GGG?pea< matches GeePea.

GGG?!?< matches GeePea.

gG!PEA< does not match.

ggg!Pea< does not match.

GgGGg?!?pea< does not match.

gggGGG< does not match.

&abcd/< matches Shake.

/mnop+< matches Shake.

+gxhyiz&< matches Shake.

&abcd&< does not match.

/mop+< does not match.

+GxHyIz&< does not match.

rtv&< matches Orc.

WTUSU*< matches Orc.

@< matches Orc.

rrr&< does not match.

UVUV@< does not match.

rStU&< does not match.




9. You should get the same output for each of the two languages.

Make your output match this format EXACTLY since when your

solutions are tested, their output will be checked using

diff.




----------------------------------------------------------------------

Submission:




Make a zipfile of your 'hmwk_04_abc1234' directory (where

'abc1234' is replaced with YOUR NetID) and submit it on Blackboard

as your results for this assignment. Your submission should be a

zipfile that has exactly one item in it, a directory named

'hmwk_04_abc1234' (where 'abc1234' is YOUR NetID). Inside that

directory should be two source files, hmwk_04.c and hmwk_04.cc.




Your submission will be run on another file of test data.

That file will have 24 possible tokens and your solutions will

score 1/2 point for each token that generates the correct message.




Therefore, the maximum possible score for this homework assignment

is 24 points (12 + 12).




----------------------------------------------------------------------

Hints:

1. Ensure your programs compile and run correctly. Not

compiling or not generating the correct output will cost you

points.




Ensure your output messages match the format shown above when

you change the processToken() function. The output is going

to be checked by a program, so it has to match EXACTLY.




After you write your programs, use diff or fc to compare

your output to the supplied 'outputdata.txt'. It must match

EXACTLY or you will be penalized points.




('EXACTLY' means character-by-character the same. No, e.g.,

differences in spacing, no changes in wording, no changes

in punctuation, no changes in capitalization, and so forth.

Check your output against the 'outputdata.txt' file!)

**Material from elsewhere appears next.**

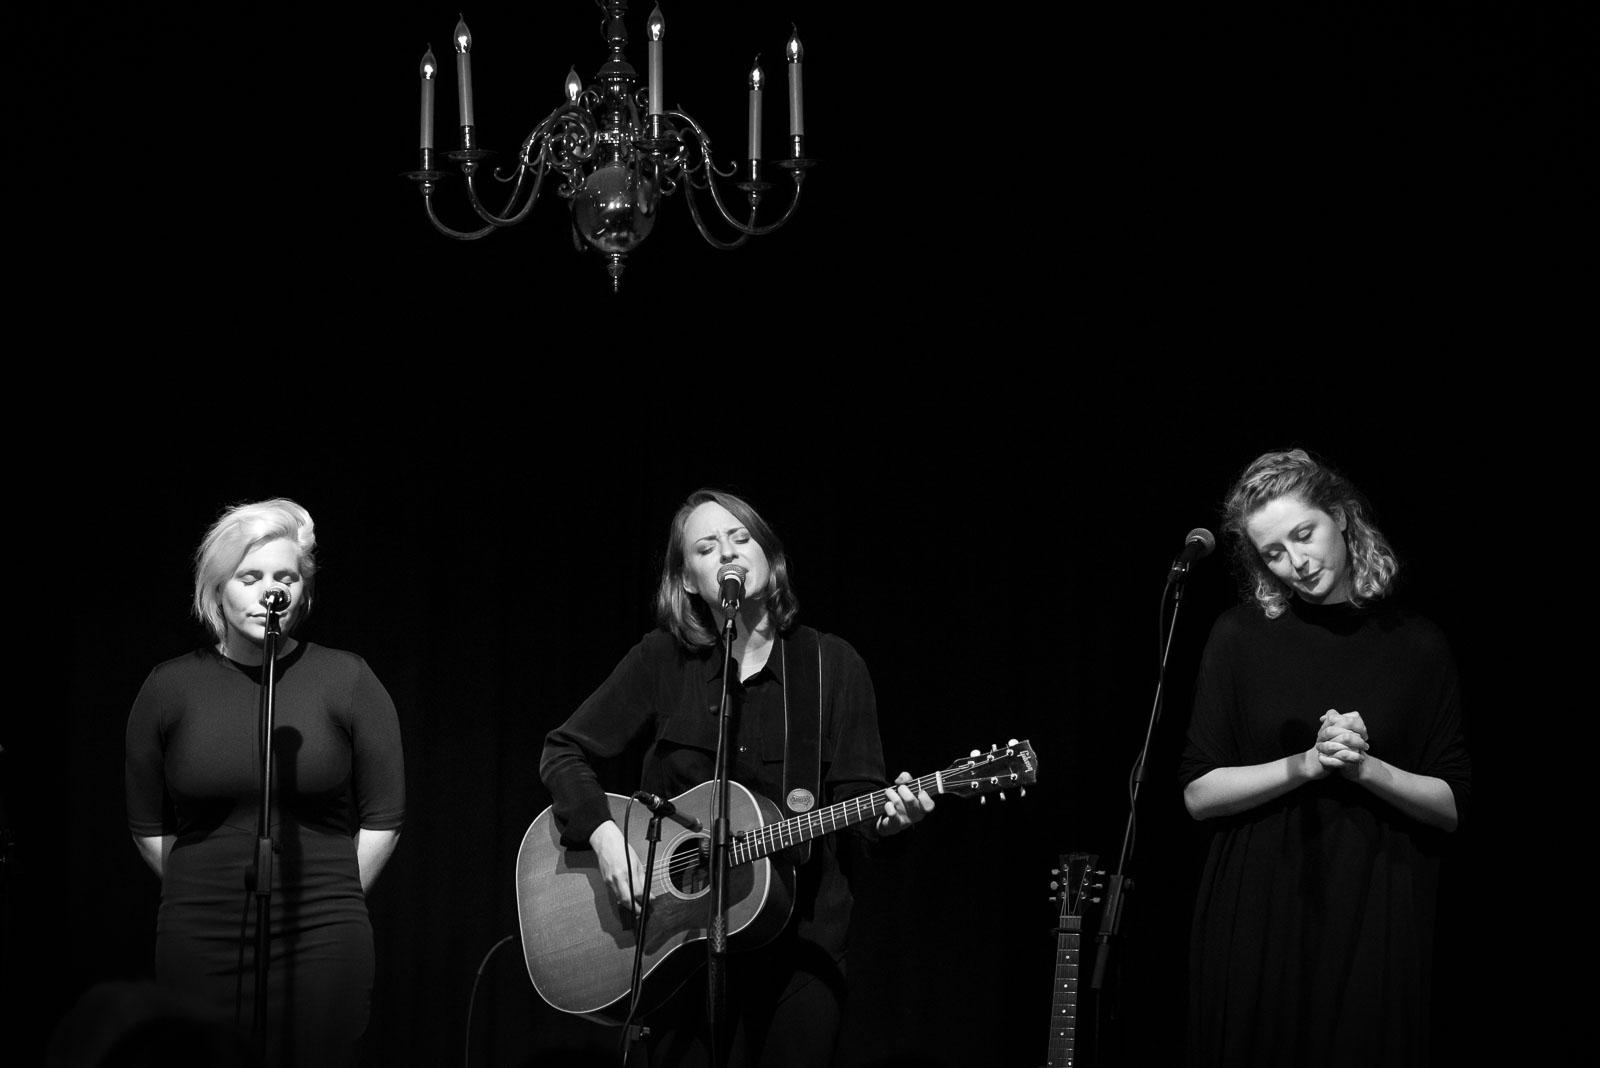 Stephanie Struijk vocals Parelsessies Concertfoto

2. Ensure that you update the three header lines in each of the

source files with YOUR name (family name first, then a comma,

then your personal name), YOUR NetID, and the date you edit

the file.




Not updating the header lines properly will cost you points.




3. DO NOT change anything in the main() routine in the C++ case.

You might want to put some initialization code at the top of

the main() routine in the C case (depending on how you do the

processing) but DO NOT change anything else in that routine.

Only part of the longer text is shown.